Review article: metoclopramide and tardive dyskinesia
Article first published online: 3 NOV 2009
© 2010 Blackwell Publishing Ltd
Alimentary Pharmacology & Therapeutics
Volume 31, Issue 1, pages 11–19, January 2010
How to Cite
RAO, A. S. and CAMILLERI, M. (2010), Review article: metoclopramide and tardive dyskinesia. Alimentary Pharmacology & Therapeutics, 31: 11–19. doi: 10.1111/j.1365-2036.2009.04189.x
- Issue published online: 2 DEC 2009
- Article first published online: 3 NOV 2009
- Publication data Submitted 14 August 2009 First decision 14 September 2009 Resubmitted 15 September 2009 Accepted 31 October 2009 Epub Accepted Article 3 November 2009
Background Metoclopramide is a dopamine receptor antagonist which has been used for treatment of a variety of gastrointestinal symptoms over the last thirty years. In 2009, the FDA issued a black box warning regarding long-term or high-dose use of this medication because of the risk of developing tardive dyskinesia.
Aims To review the mechanism of action and pharmacokinetic properties of metoclopramide, the risk of metoclopramide-induced tardive dyskinesia, potential mechanisms that may alter and to summarize the clinical context for appropriate use of the drug.
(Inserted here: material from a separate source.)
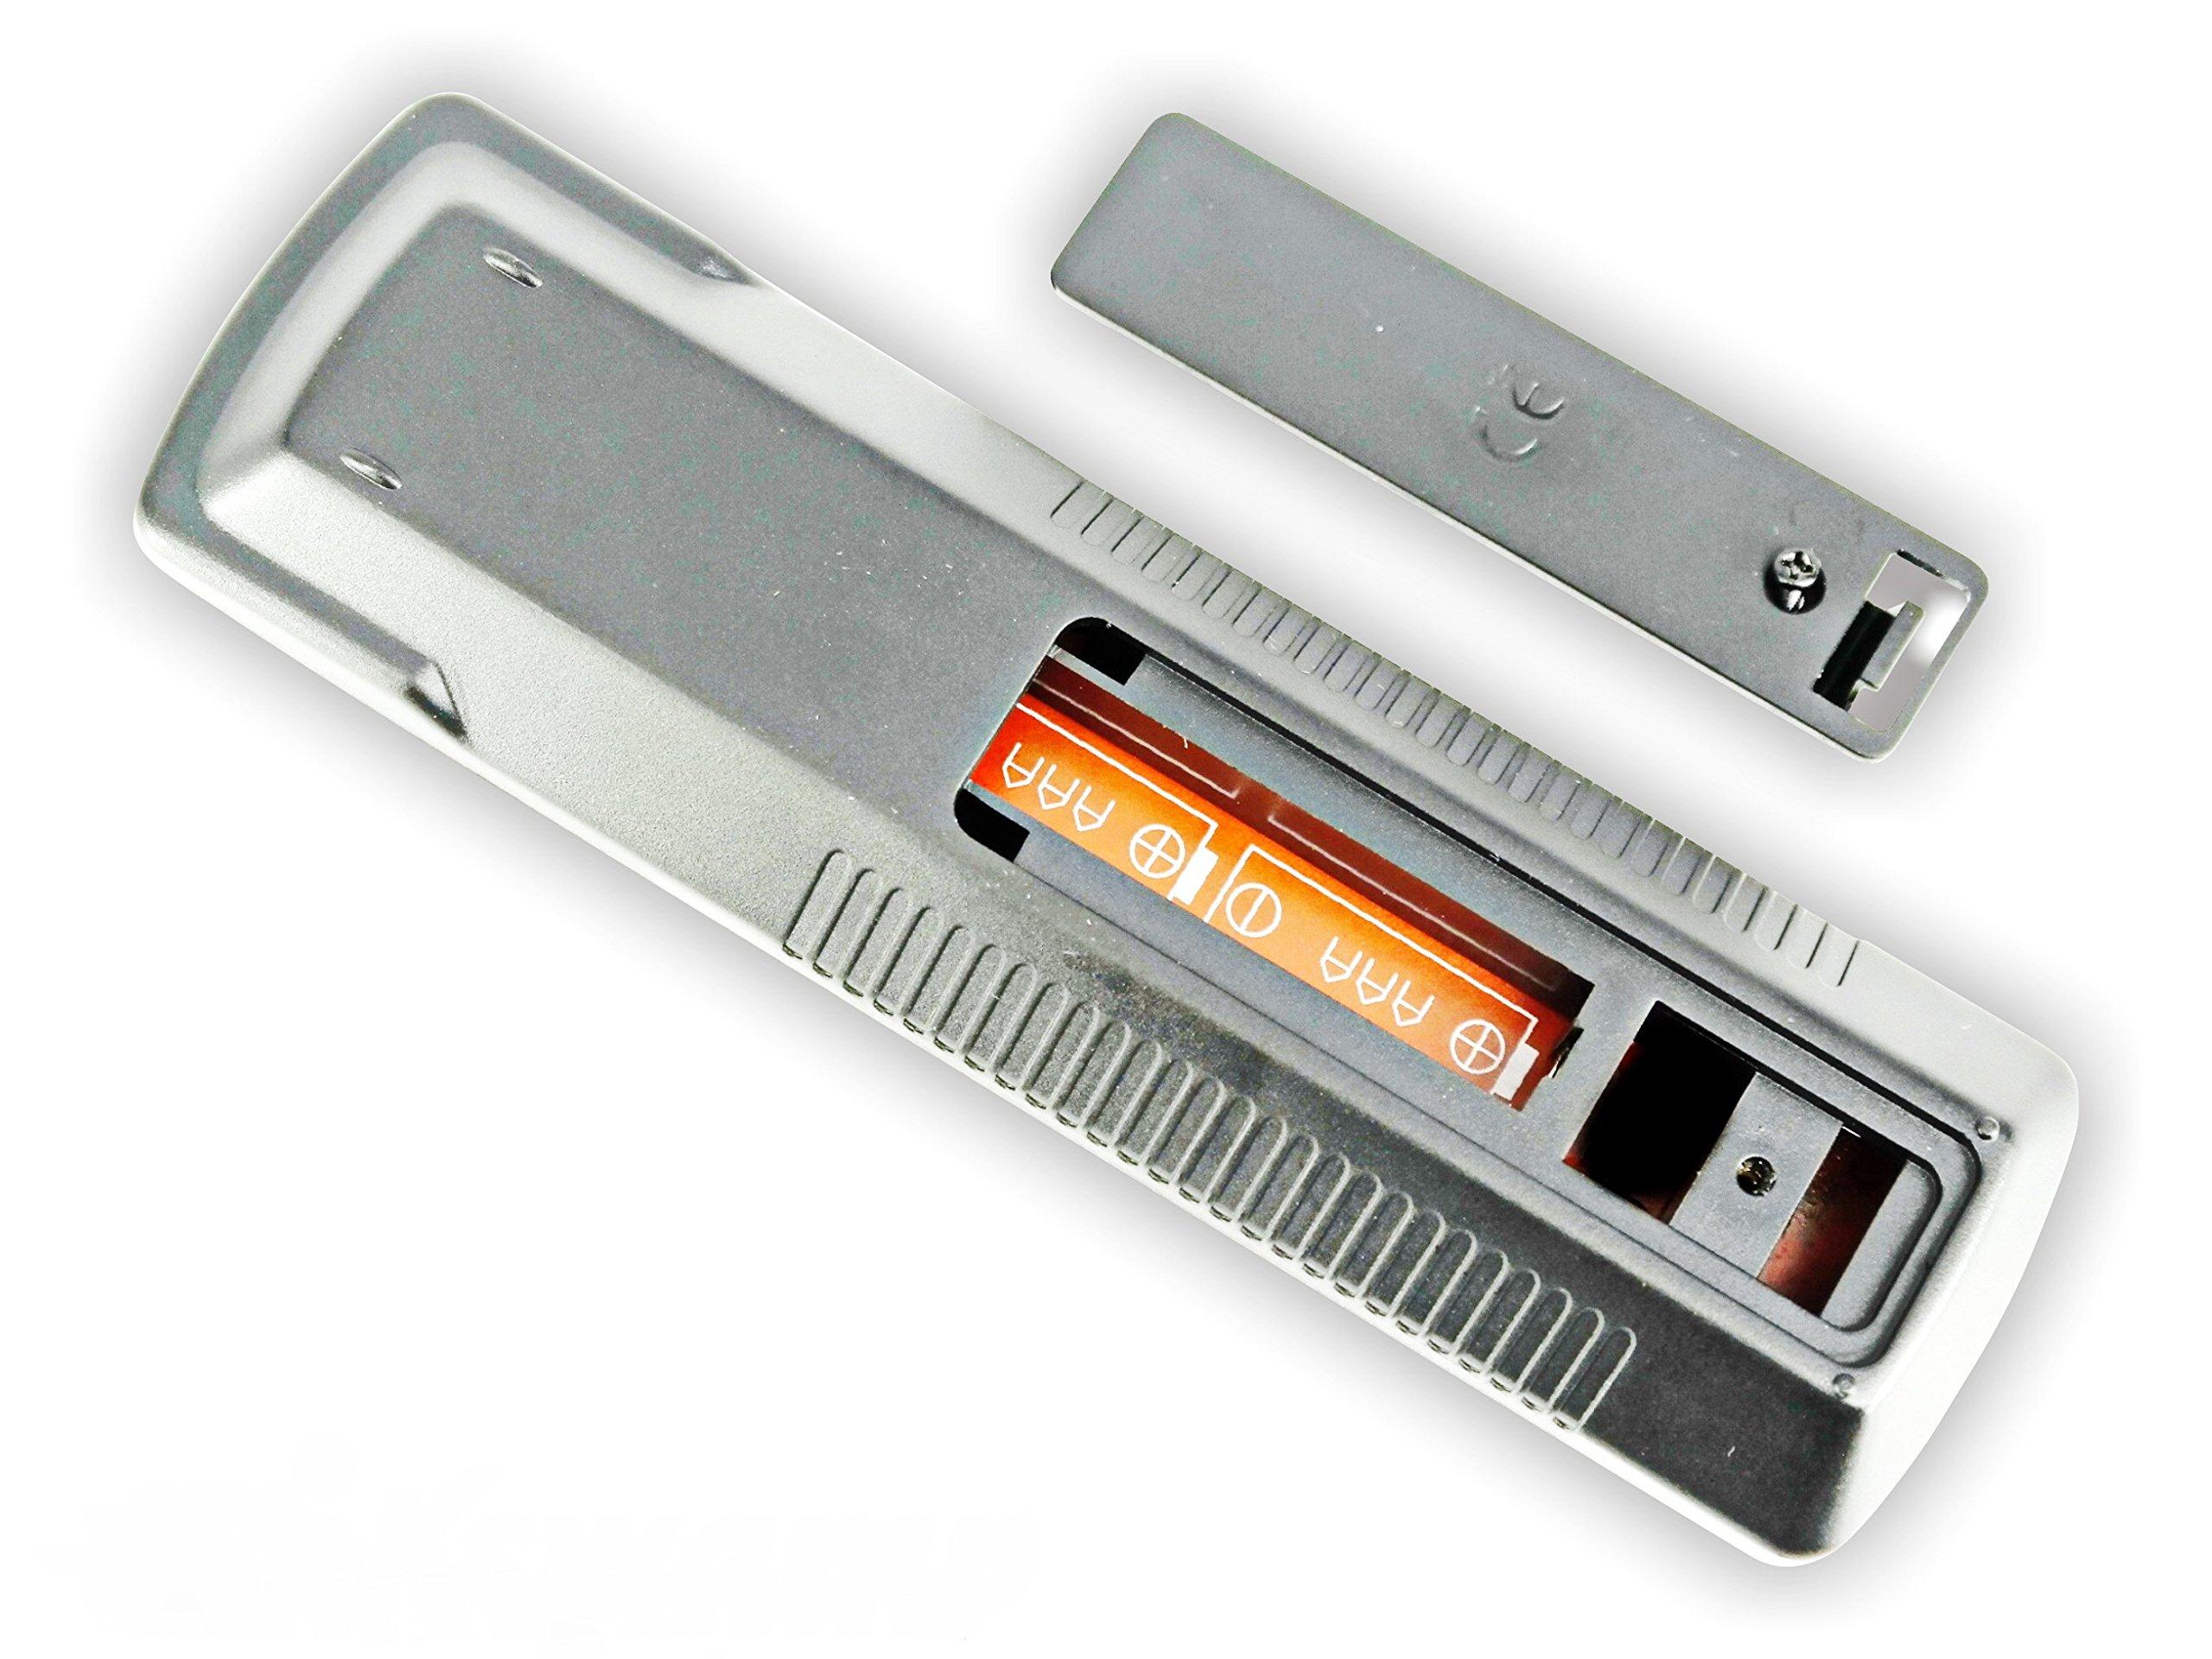 Remote Control for Samsung HT-DS100 by Tekswamp by Tekswamp (Image #7)

Methods We conducted a PubMed search using the following key words and combined searches: metoclopramide, neuroleptics, tardive dyskinesia, incidence, prevalence, dopamine, receptors, pharmacokinetic, pharmacology, pharmacogenetics, DRD3 Ser9Gly polymorphism, cytochrome P450, p-glycoprotein, risk factors, gastroparesis, outcome, natural history.
Results Available data show that risk of tardive dyskinesia from metoclopramide use is likely to be <1%, much less than the estimated 1–10% risk previously suggested in national guidelines. Tardive dyskinesia may represent an idiosyncratic response to metoclopramide; pharmacogenetics affect pharmacokinetic and dopamine receptor pharmacodynamics in response to neuroleptic agents that cause similar neurological complications.
Conclusion Community prevalence and pharmacogenetic mechanisms involved in metoclopramide-induced tardive dyskinesia require further study to define the benefit-risk ratio more clearly.